Doozer is a highly-available, completely consistent store for small amounts of extremely important data. When the data changes, it can notify connected clients immediately (no polling), making it ideal for infrequently-updated data for which clients want real-time updates.
https://github.com/ActiveState/doozerd

Doozer is a recent addition to the stack that is unique to Stackato, replacing most configuration sources used by other implementations of Cloud Foundry. In standard Cloud Foundry one might SSH into the machine running a service to configure it (via YAML files), and restart said service to pick to those configuration changes. In Stackato you are able to configure the entire cluster from a single location and services react to configuration changes themselves.

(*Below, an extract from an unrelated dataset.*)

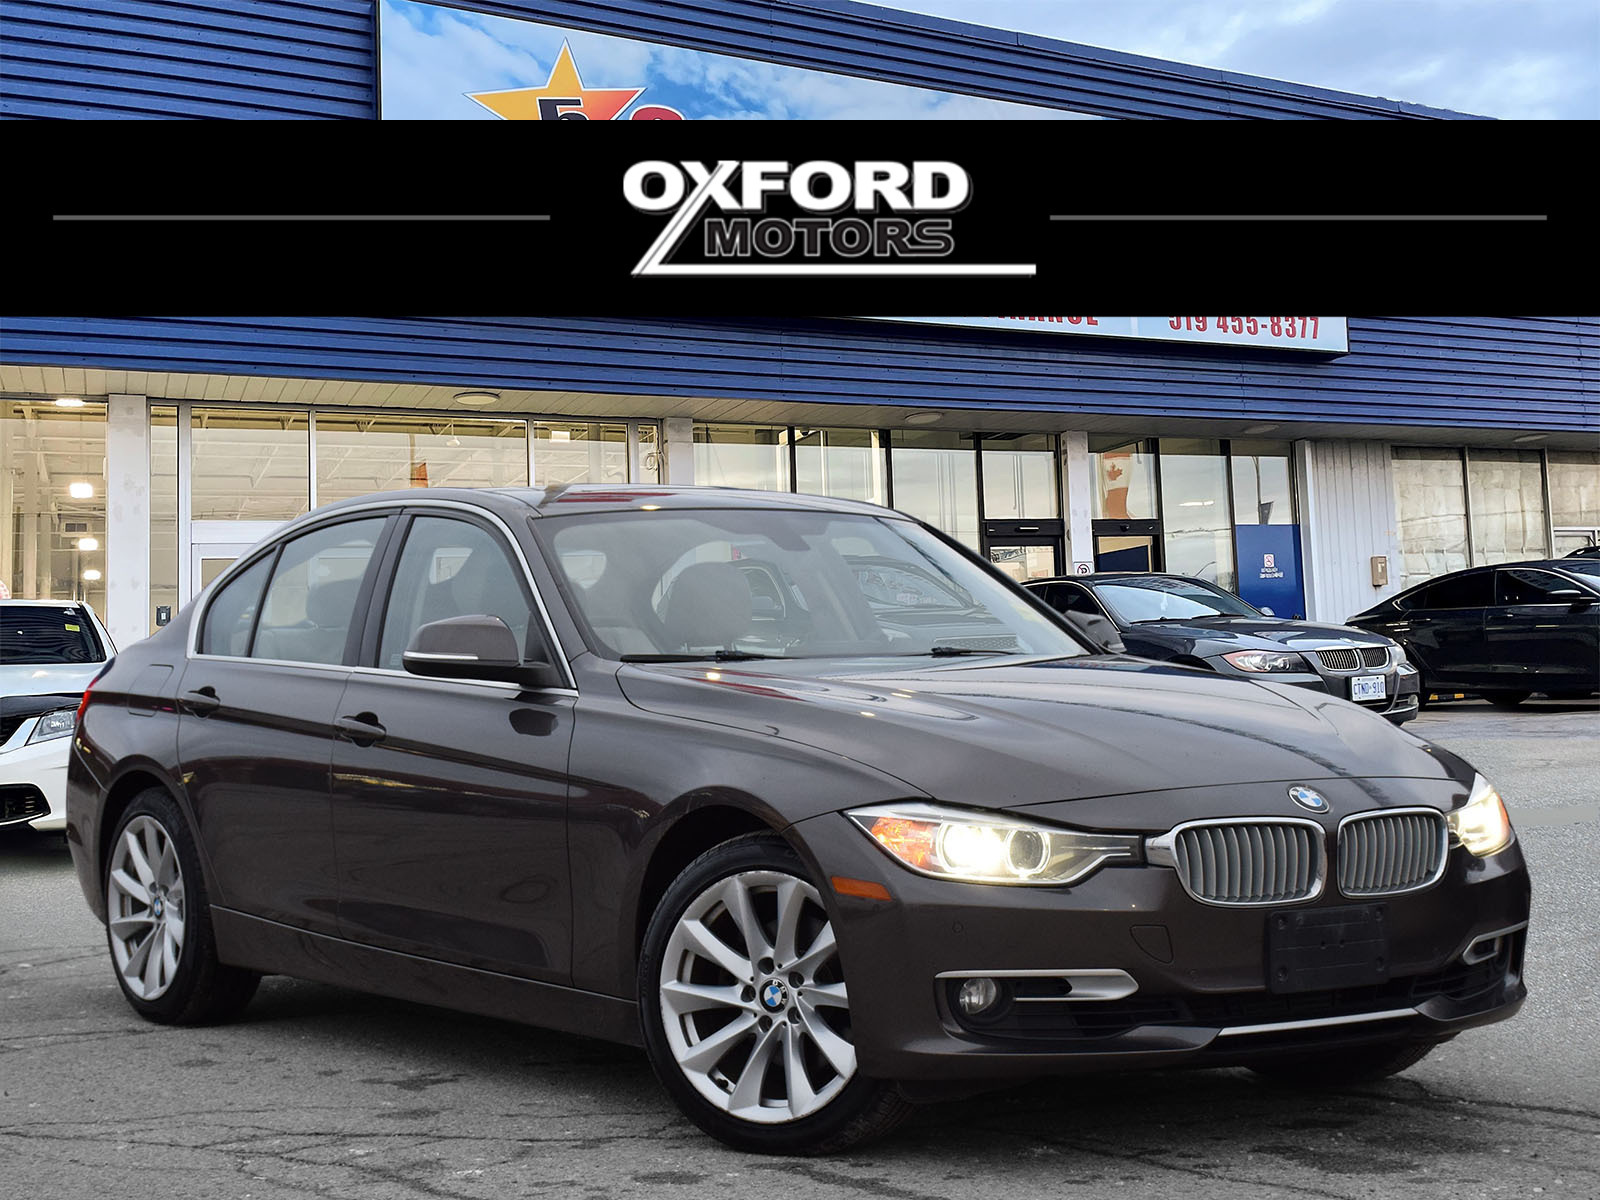 2014 BMW 3 Series NAV LEATHER SUNROOF LOADED! WE FINANCE ALL CREDIT

You are also able to query doozer for information on currently connected nodes.

Prealloc

Stager

DEA

Cloud Controller

The Cloud Controller handles all state transitions, manages users/apps/services, and provides the external REST API used by the stackato client (or VMC, should you so desire).

Health Manager

Router

The router handles all HTTP traffic into the cluster and maintains distributed routing state. The router responds to realtime updates from DEA nodes. Load balancing is performed when an app has multiple instances.

There are currently two implementations of the router component in Stackato (as of 2.2). In order to make use of websockets, one must use router2g rather than the default router.

NATS

NATS is a lightweight cloud messaging system by Derek Collison, who was previously Chief Architect for TIBCO's messaging products.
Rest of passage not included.